Challenges to expansion of treatment include stigma, fear, denial, reticence to disclose, and difficulty accessing HIV services, especially for men, young people, and key populations. Focus on numbers has detracted from attention to quality of services throughout the continuum of care.9 Retention has been constrained by distance from clinical settings, shortage of health workers, unfriendly or judgmental services, stock outs of commodities, and inability to track patients in the community. Even in generalised epidemics, attention is required to the special needs of hard-to-reach populations such as men who have sex with men, sex workers, people who use drugs, migrant workers, east African fisher folk, and young people.
 
Acting on START and HPTN 052, WHO has recommended immediate treatment for all people with HIV,10 requiring that almost 22 million additional people access ART now, not considering continued HIV incidence.11 The UNAIDS-Lancet Commission estimated that HIV/AIDS funding will need to increase from the current $19 billion annually to $36 billion per year.12 Failure to contain the HIV epidemic now will result in an eventually unmanageable global disease burden; the challenge is to pay now or pay a lot more later.
 
With the issue of when to start treatment resolved, how best to use pre-exposure antiretroviral prophylaxis (PrEP) and in what formulation rises in importance as an operational question, especially for young African women.
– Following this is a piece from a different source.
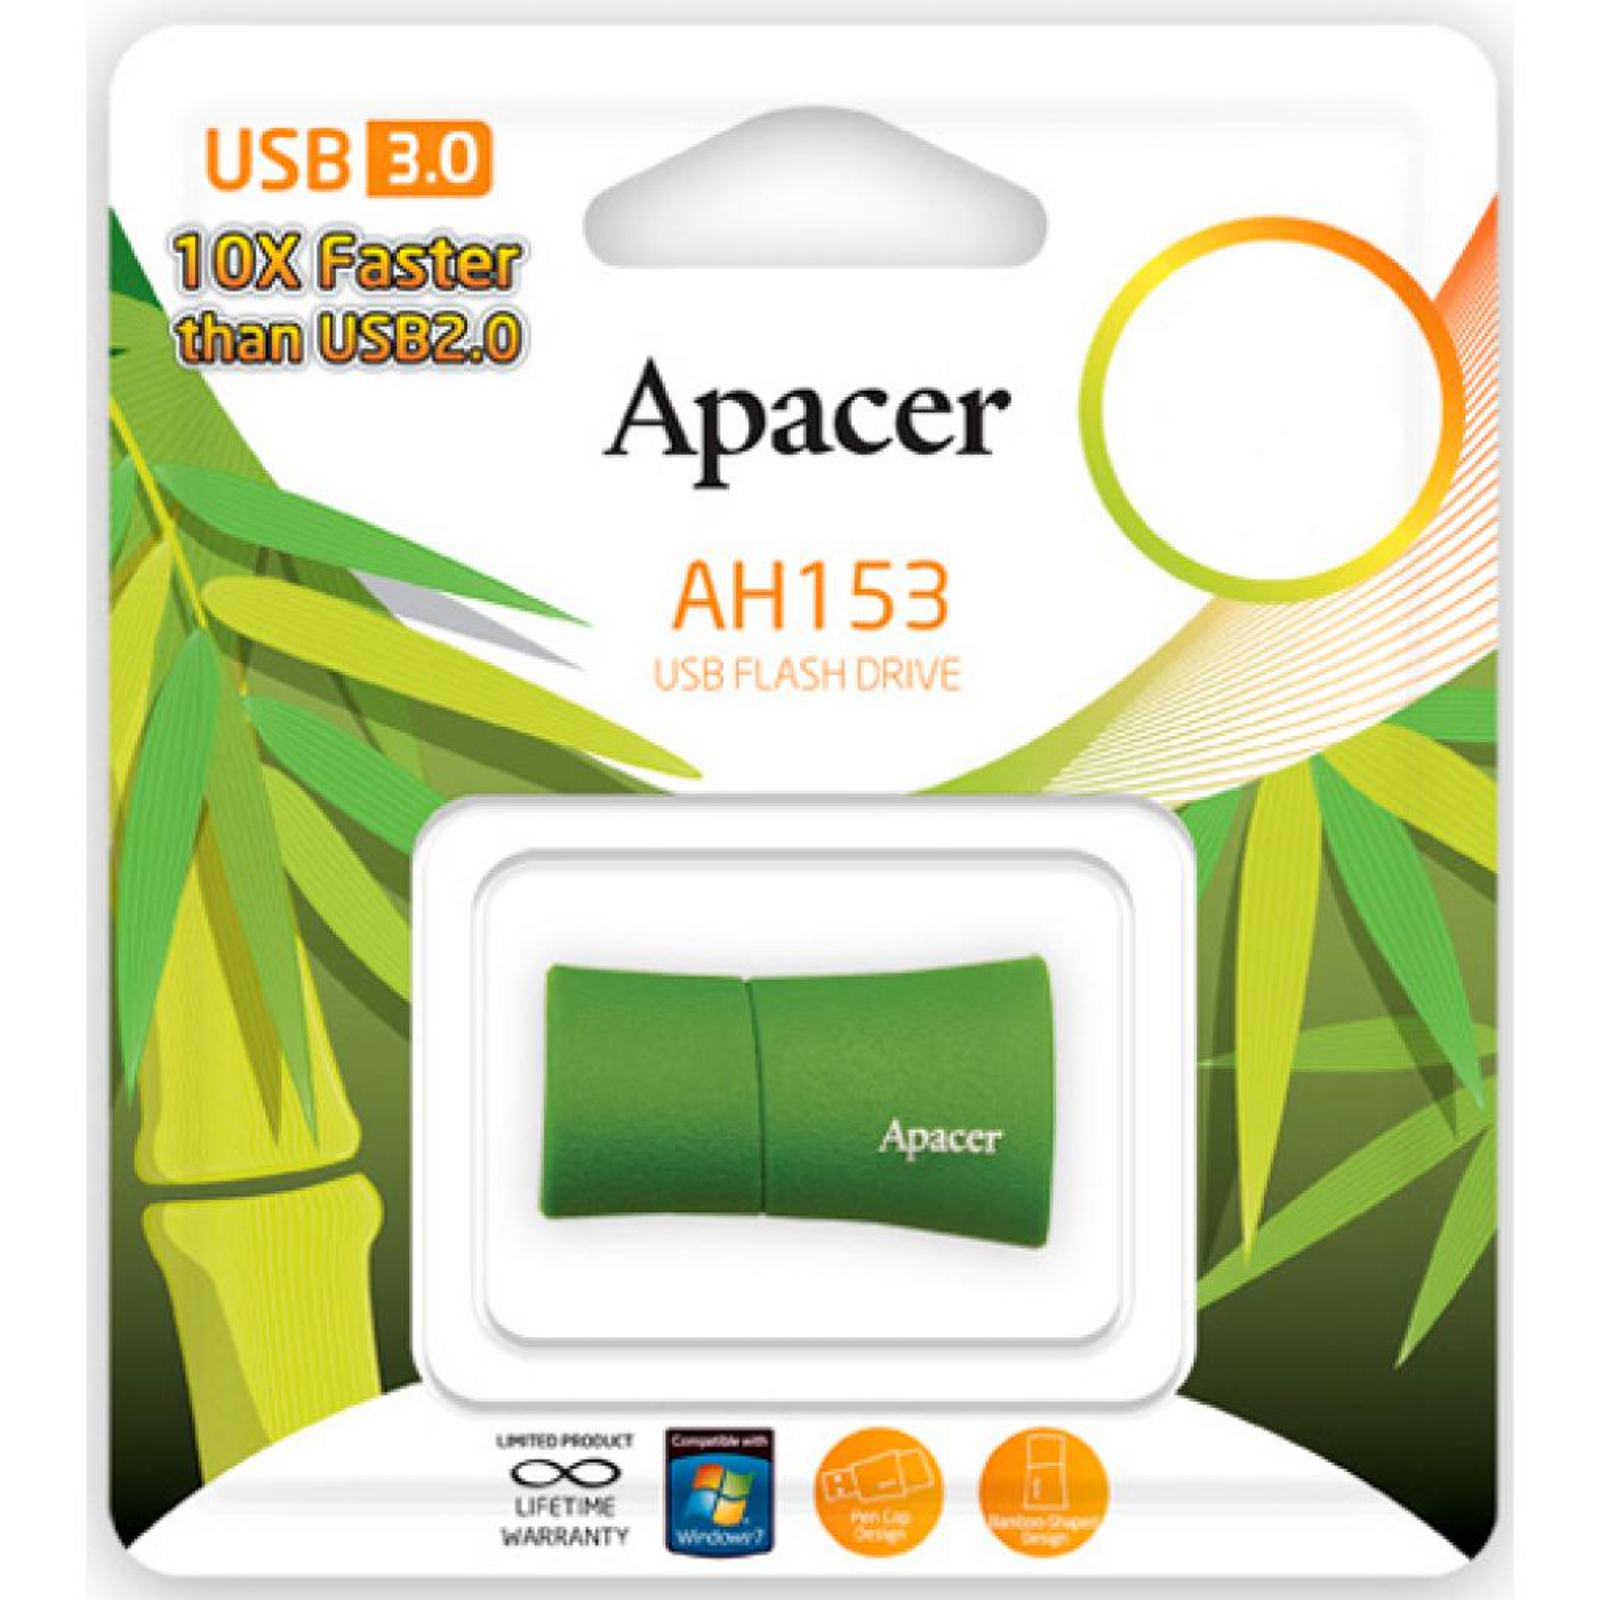 USB флеш накопитель 32GB AH153 Green RP USB3.0 Apacer (AP32GAH153G-1) изображение 5
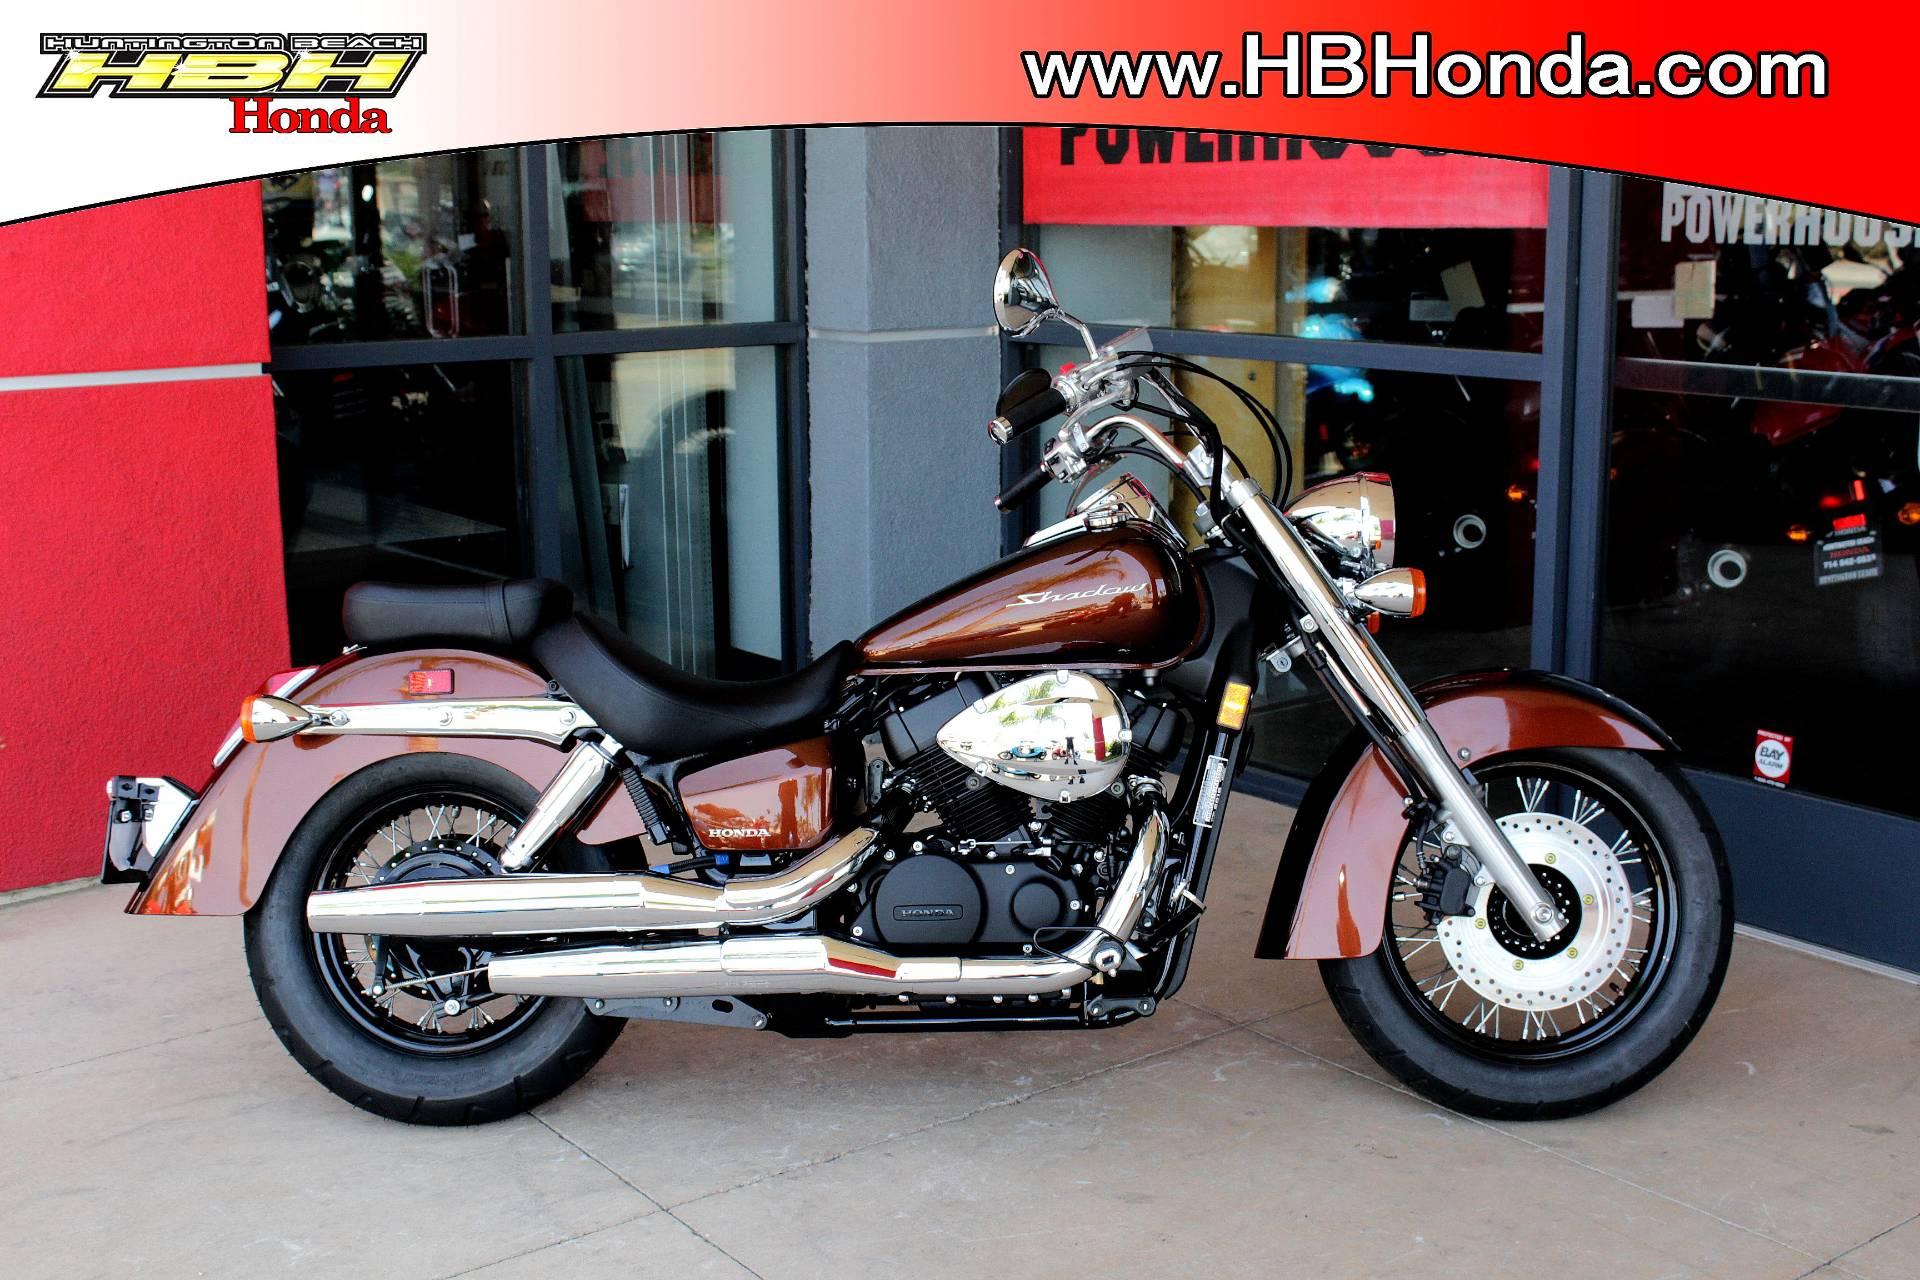 New 2020 Honda Shadow Aero 750 For Sale Specs Photos Price Huntington Beach Ca Pearl Stallion Brown M3388 0027

WHO recommended PrEP as an additional intervention for groups with an annual HIV incidence of 3% or greater.10 Experience with preventive treatment in other infectious diseases such as malaria and tuberculosis has been mixed, but PrEP offers potent protection against HIV if adhered to. Science drives formulation of guidelines, yet the benefit of guidelines depends on social and political will to implement them.
 
The findings and conclusions in this article are those of the author(s) and do not necessarily represent the official position of the US Centers for Disease Control and Prevention. We declare no competing interests.